A weekly social data project providing real-world datasets for practicing data tidying, visualization, and analysis.
TidyTuesday is a weekly social data project that provides curated, real-world datasets for people to practice and learn data science skills. It releases new datasets every Monday, encouraging participants to explore the data, create visualizations or models, and share their work with the community using dedicated hashtags. The project emphasizes hands-on learning through data tidying and visualization techniques while cautioning against drawing causal conclusions.
Data science learners, students, educators, and practitioners who want to practice data analysis, visualization, and modeling with real-world data in languages like R, Python, or Julia. It is also used by academic instructors to incorporate practical datasets into courses.
Developers choose TidyTuesday for its consistent, community-driven supply of diverse, real-world datasets that are ready for analysis, its supportive multi-language community for sharing and feedback, and its educational focus on practical skill-building over theoretical exercises.
Official repo for the #tidytuesday project
Open-Awesome is built by the community, for the community. Submit a project, suggest an awesome list, or help improve the catalog on GitHub.
New, curated real-world datasets are released every Monday, providing regular practice opportunities as highlighted in the weekly schedule table in the README.
Explicitly supports R, Python, and Julia with dedicated hashtags and resources like Posit's PydyTuesday repo, encouraging broad participation across different programming ecosystems.

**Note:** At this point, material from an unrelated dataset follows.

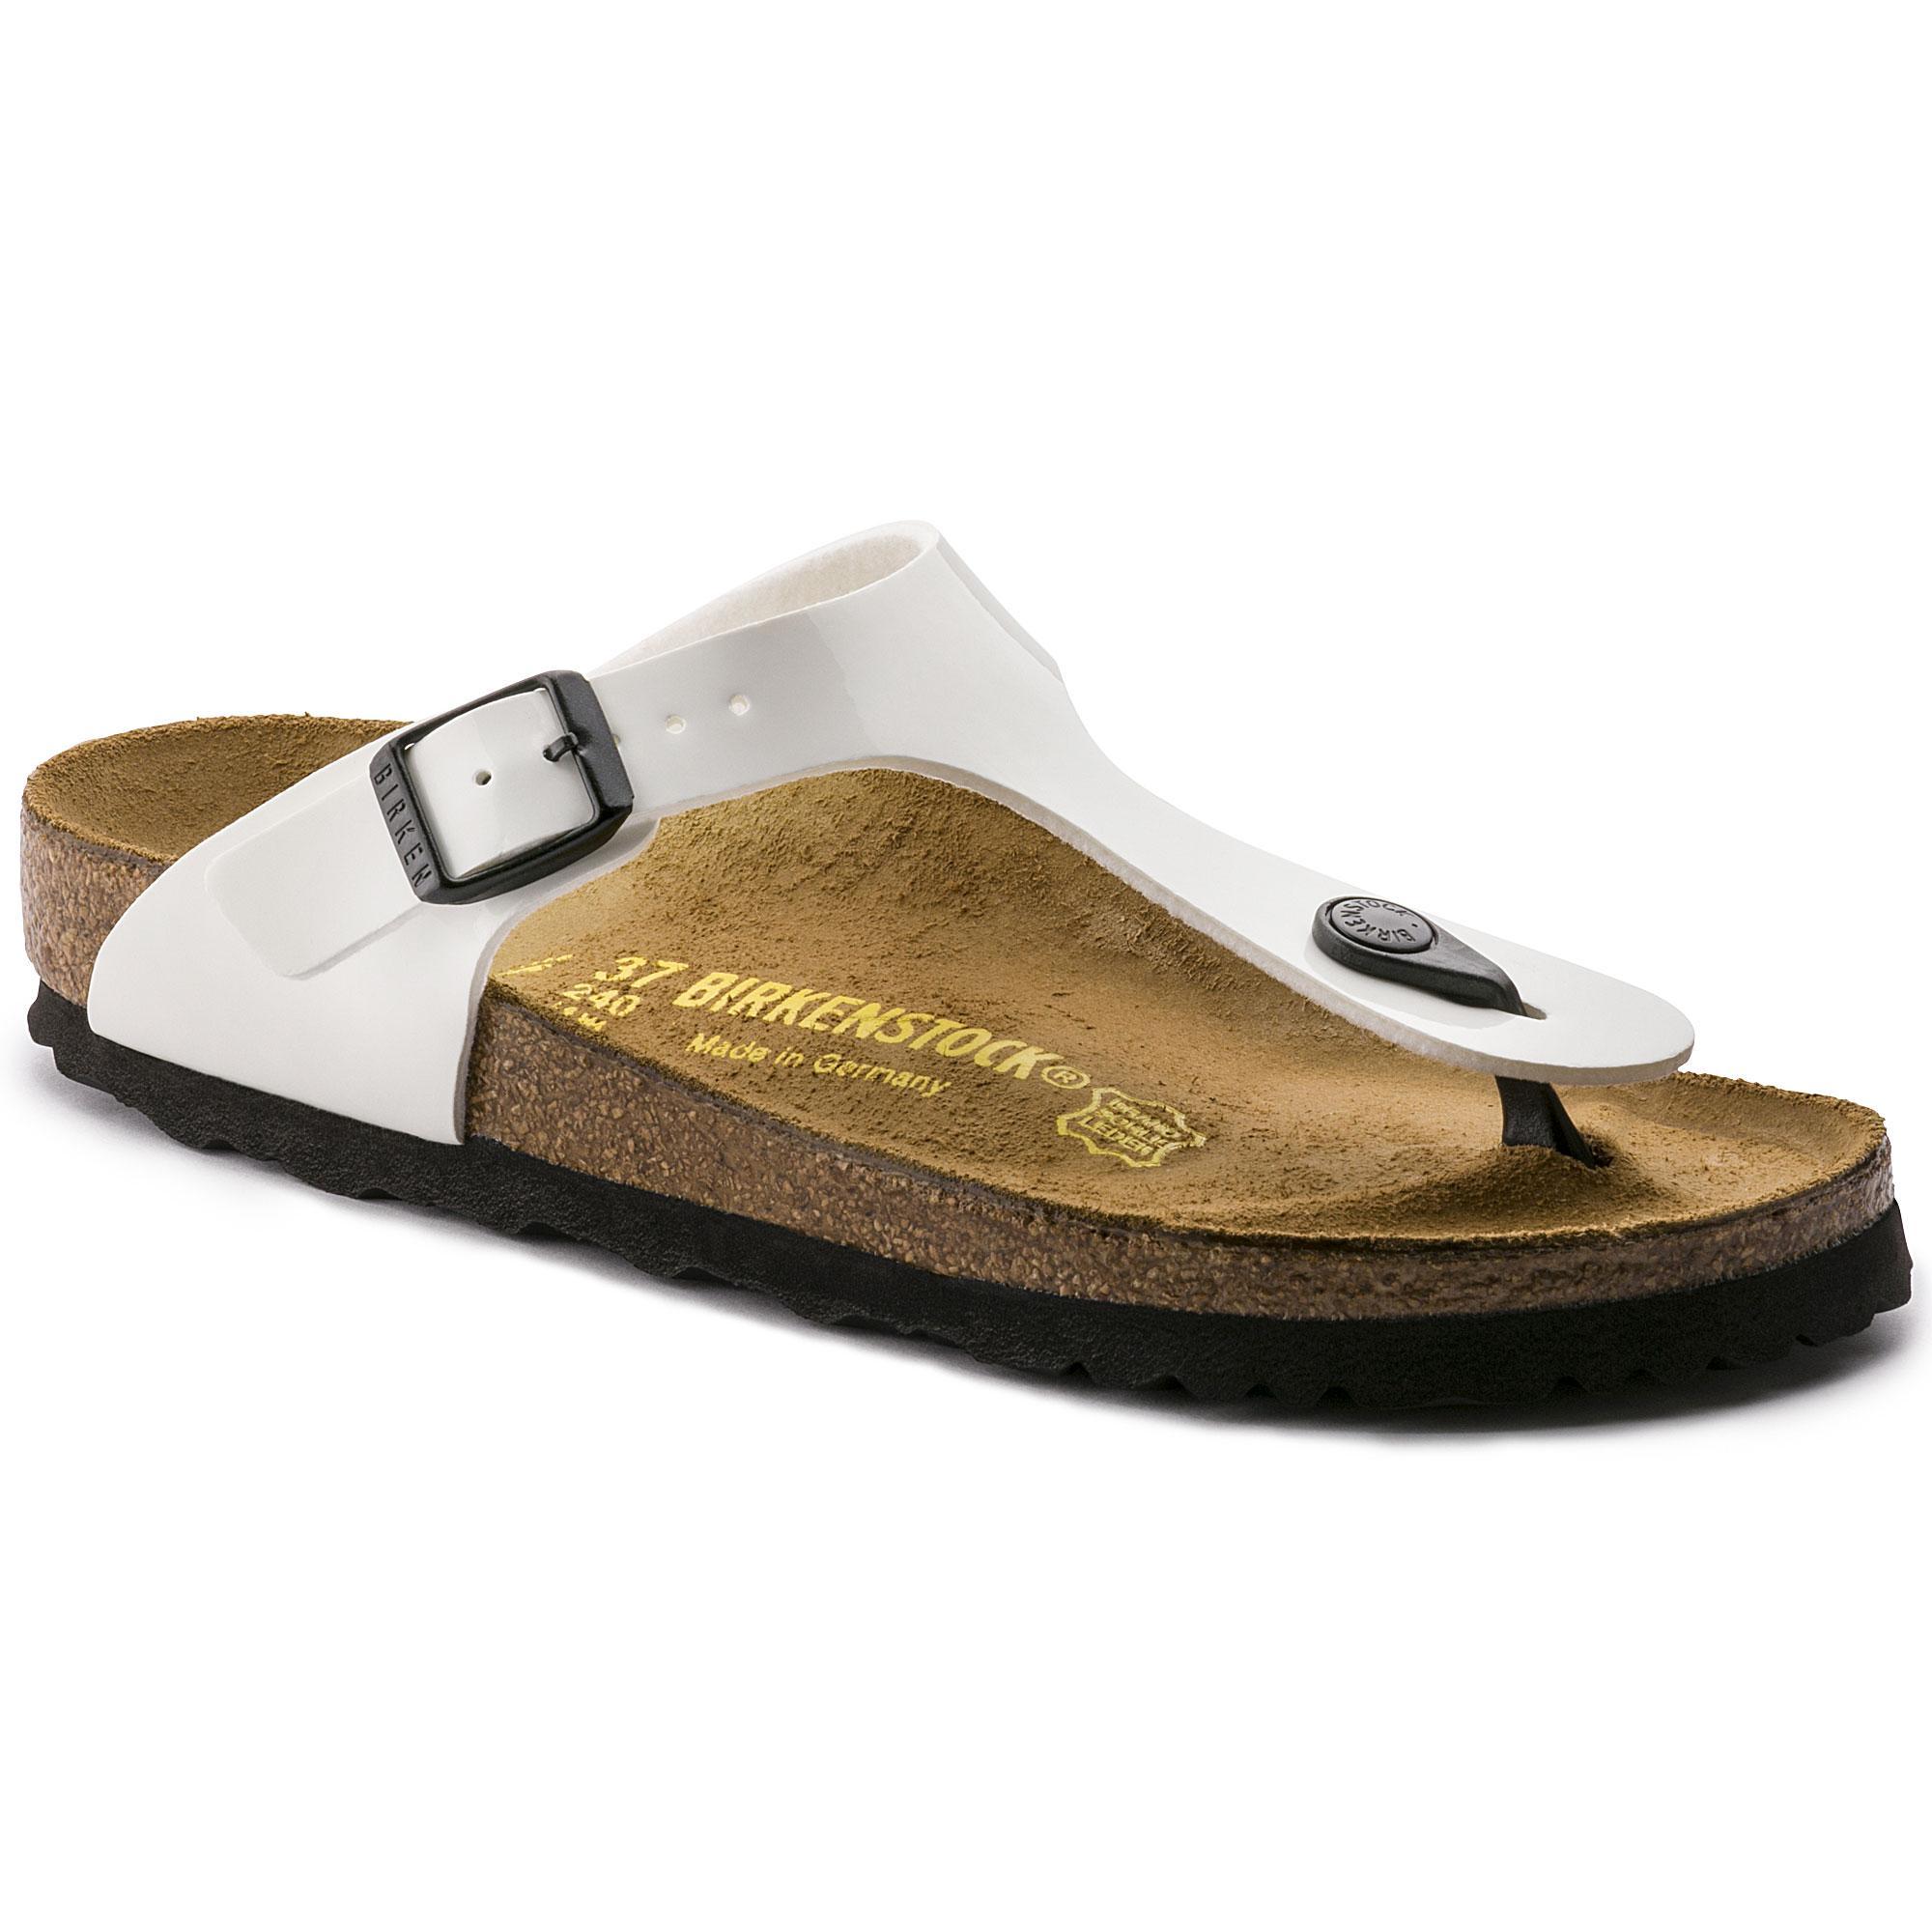 7f713603a64 Flat Sandals for Women for sale - Summer Sandals online brands ...

Successfully used in over 30 courses in 2024, with clear goals for academic use, making it ideal for structured learning environments as noted in the README's goals section.

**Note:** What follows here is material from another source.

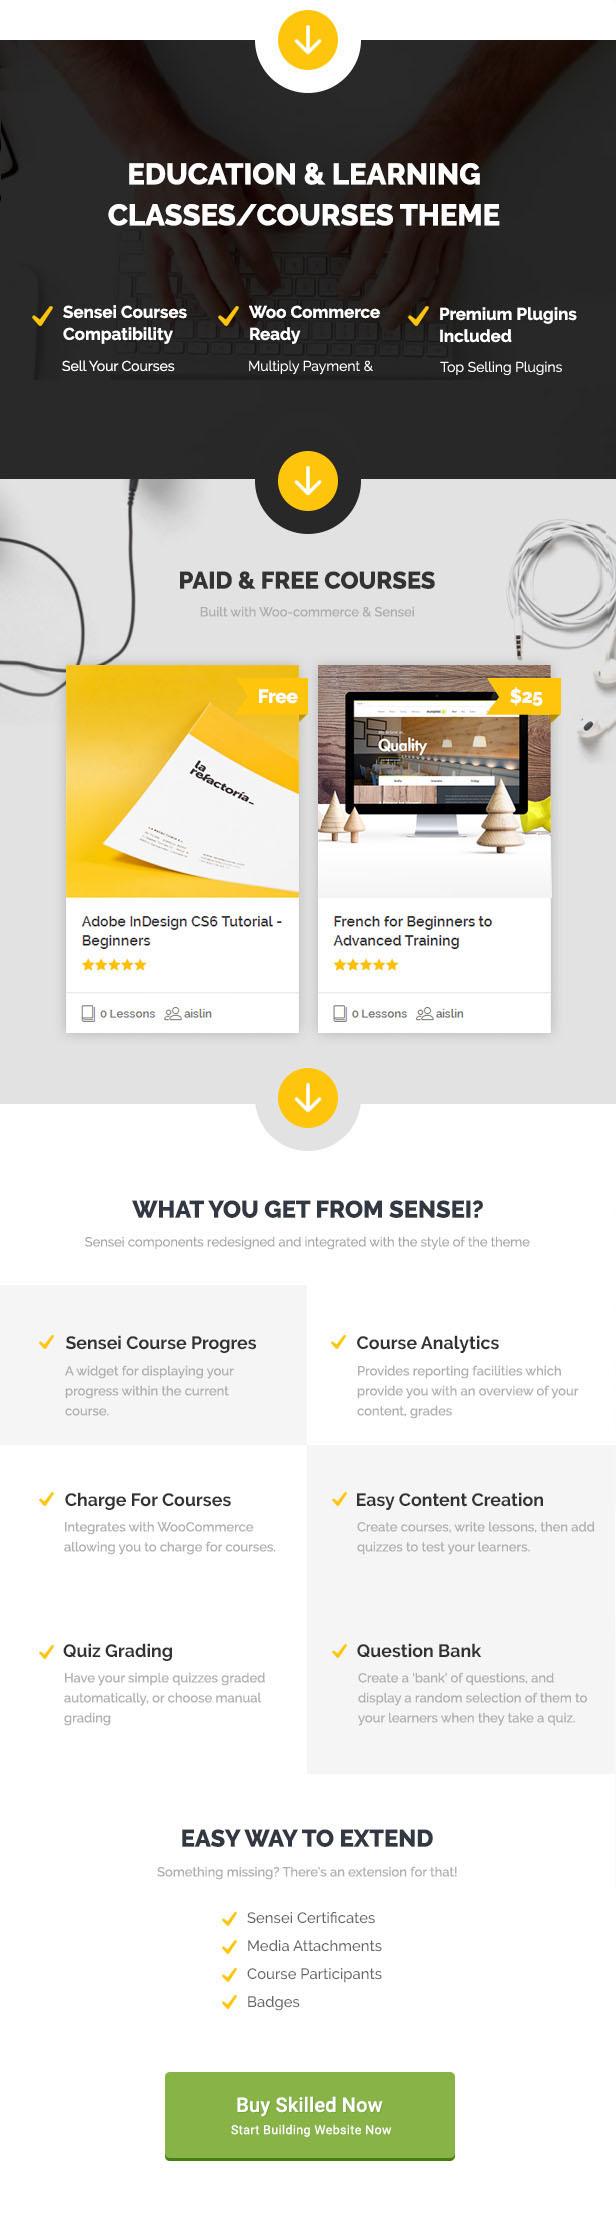 skilled 01 buy - Skilled | School Education Courses WordPress Theme

Encourages creating visualizations, models, Quarto reports, or Shiny apps, allowing participants to practice various data science skills without restrictive output requirements.
The README explicitly warns against drawing causal conclusions due to unobserved variables, limiting its use for inferential statistics or serious analytical work beyond practice.
Data must be downloaded from social media posts or GitHub repositories, lacking an automated API or centralized access point, which can be inconvenient compared to data platforms with direct feeds.
With datasets curated from various sources and community submissions, there is inconsistency in data cleanliness, documentation, and relevance across weeks, as hinted by the 2026 goal for better curation tools.